Obwohl sie in den Vereinigten Staaten als gegenseitige Hilfsvereinigung für katholische Familien entstanden, weiteten sie ihre Tätigkeit im Laufe der Zeit auf große humanitäre Kampagnen, Bildungsprogramme und die öffentliche Verteidigung christlicher Werte aus.
In den letzten Jahren hat die Organisation besondere Bedeutung durch ihre finanzielle und logistische Unterstützung christlicher Gemeinschaften erlangt, die im Irak, in Syrien und anderen von religiösen Konflikten betroffenen Regionen vom islamistischen Terrorismus verfolgt werden.
„Wir wollen dort Hoffnung bringen, wo Leid herrscht“
Während der Zeremonie in New York betonte der Supreme Knight Patrick E. Kelly, dass die Organisation heute die von ihrem Gründer begonnene Mission auf der Grundlage von „Nächstenliebe, Einheit und Brüderlichkeit“ fortsetze.
„Wir sind stolz darauf, diese Mission in unseren Pfarreien und Gemeinden fortzuführen, aber auch in Ländern, die unter den verheerenden Folgen von Krieg und religiöser Intoleranz leiden“, erklärte Kelly.
Der Verantwortliche hob außerdem hervor, dass es das Ziel der Ritter von Kolumbus sei, menschliches Leid zu lindern und Zeugnis von der christlichen Hoffnung abzulegen, „die von Jesus Christus kommt“.
Ein Preis im Zusammenhang mit der Diplomatie des Heiligen Stuhls
Der „Path to Peace“-Preis steht in enger Verbindung mit der internationalen diplomatischen Tätigkeit des Heiligen Stuhls.

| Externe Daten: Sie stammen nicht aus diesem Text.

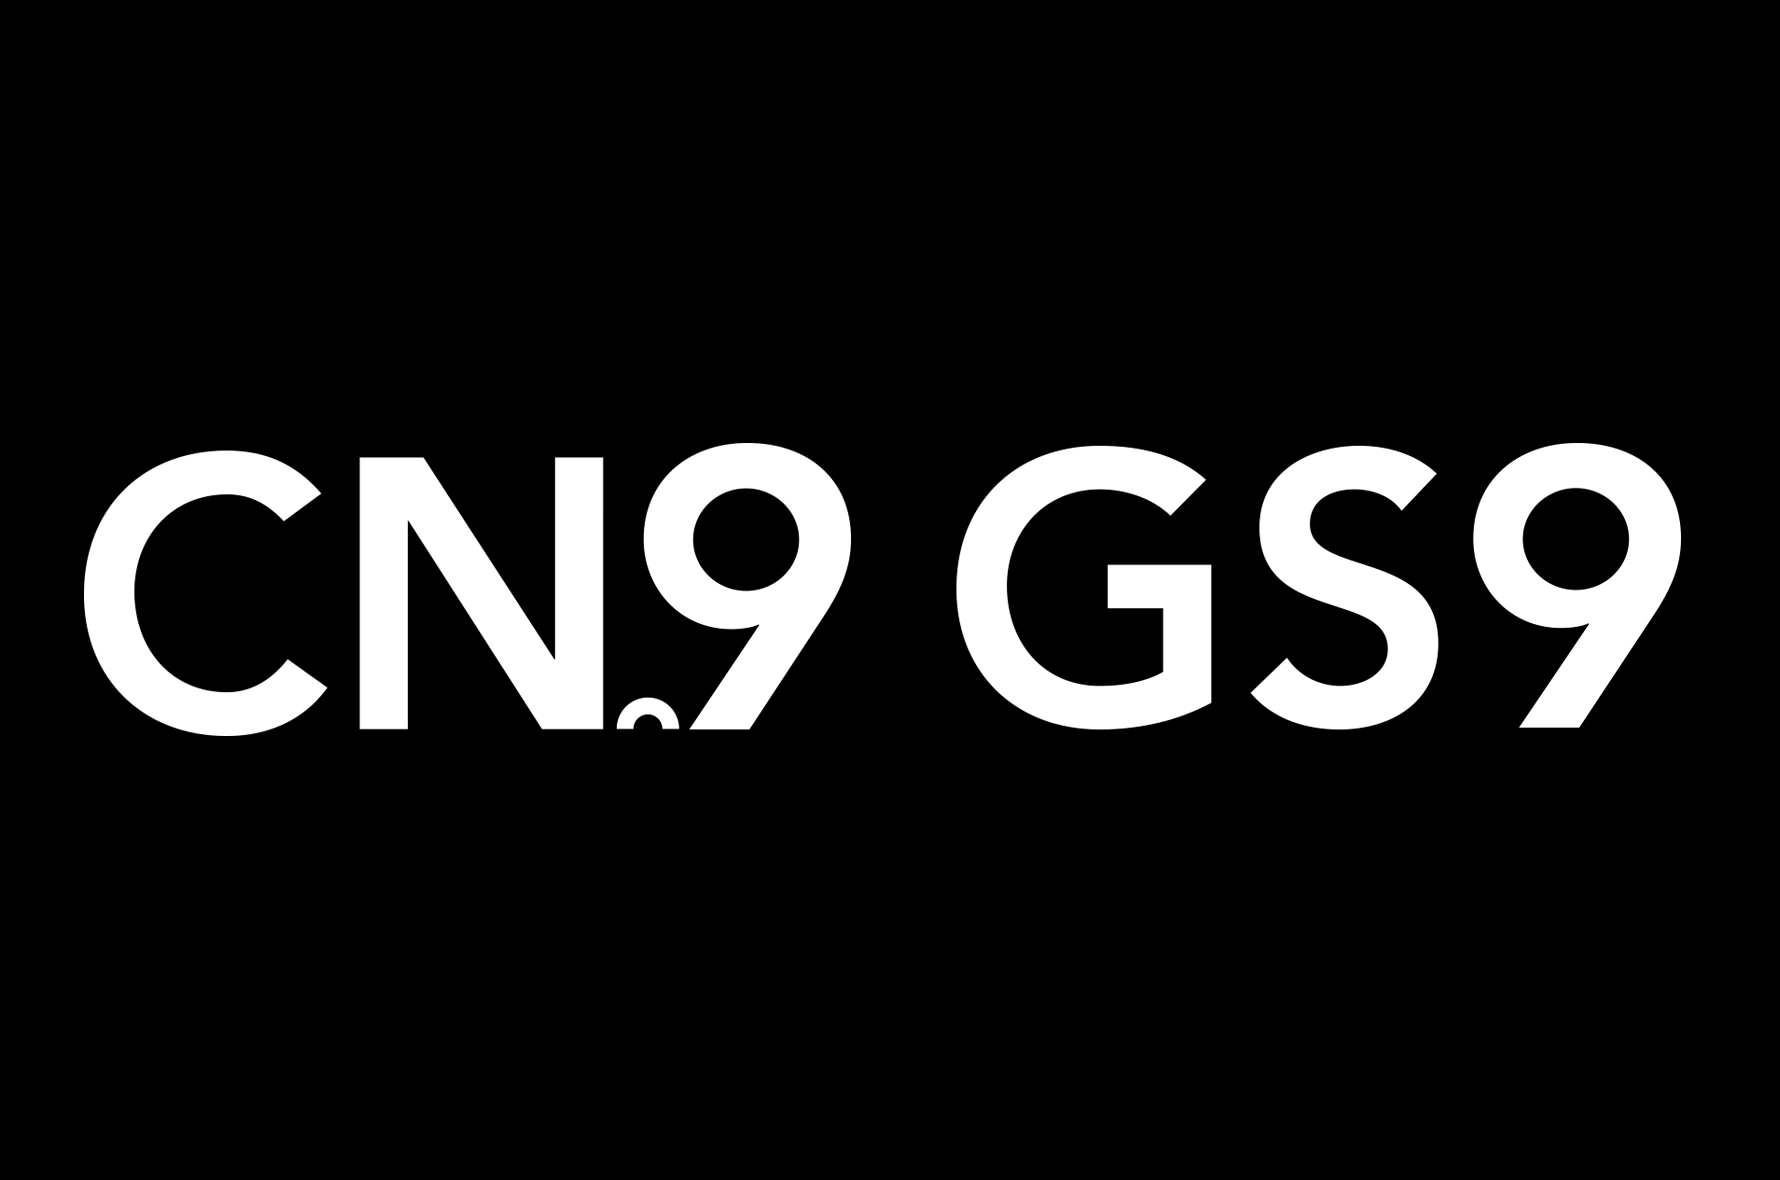 GS9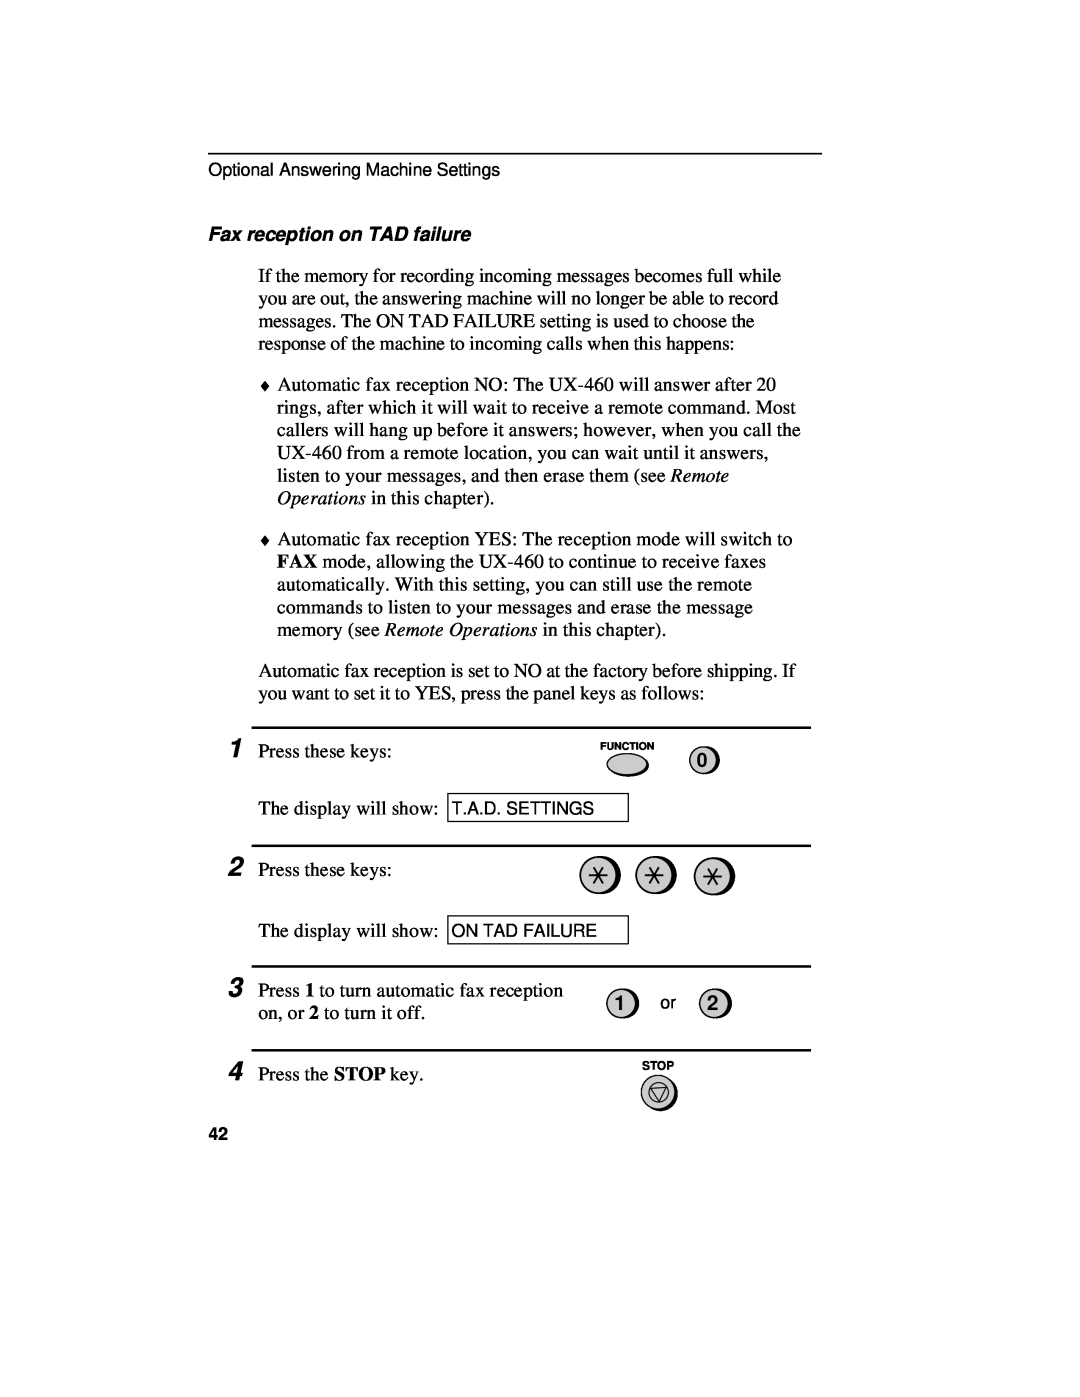 Sharp UX-460 operation manual Fax reception on TAD failure

Die Path-to-Peace-Stiftung wurde genau zu dem Zweck gegründet, die humanitäre und kulturelle Arbeit im Rahmen der ständigen Mission des Vatikans bei den Vereinten Nationen zu erweitern.
Seit 1964 unterhält der Heilige Stuhl eine ständige Präsenz bei den Vereinten Nationen als Ständiger Beobachter und beteiligt sich aktiv an Debatten über den internationalen Frieden, die Menschenrechte, die Religionsfreiheit und die Soziallehre der Kirche.
Darüber hinaus fördert die Stiftung humanitäre Projekte, kulturelle Aktivitäten und Seminare zu den Sozialenzykliken und dem päpstlichen Lehramt.
Eine Auszeichnung, die internationalen Persönlichkeiten verliehen wird
Der Preis wird seit 1993 an Persönlichkeiten und Institutionen verliehen, die sich in bedeutender Weise für die Förderung des Friedens und das internationale Gemeinwohl eingesetzt haben.
Zu den bisherigen Preisträgern zählen der ehemalige Generalsekretär der Vereinten Nationen Boutros Boutros-Ghali, der ehemalige polnische Präsident Lech Wałęsa, die ehemalige philippinische Präsidentin Corazón Aquino, die jordanischen Königspaar Abdullah II. und Rania sowie der amtierende Generalsekretär der Vereinten Nationen, António Guterres.
Die Verleihung des Preises an die Ritter von Kolumbus stellt zugleich eine Anerkennung der wachsenden Rolle katholischer Laienorganisationen dar, die in einem Kontext starker Säkularisierung im Westen eine intensive öffentliche Tätigkeit zur Verteidigung des Glaubens, der Familie und der in verschiedenen Teilen der Welt verfolgten christlichen Gemeinschaften aufrechterhalten.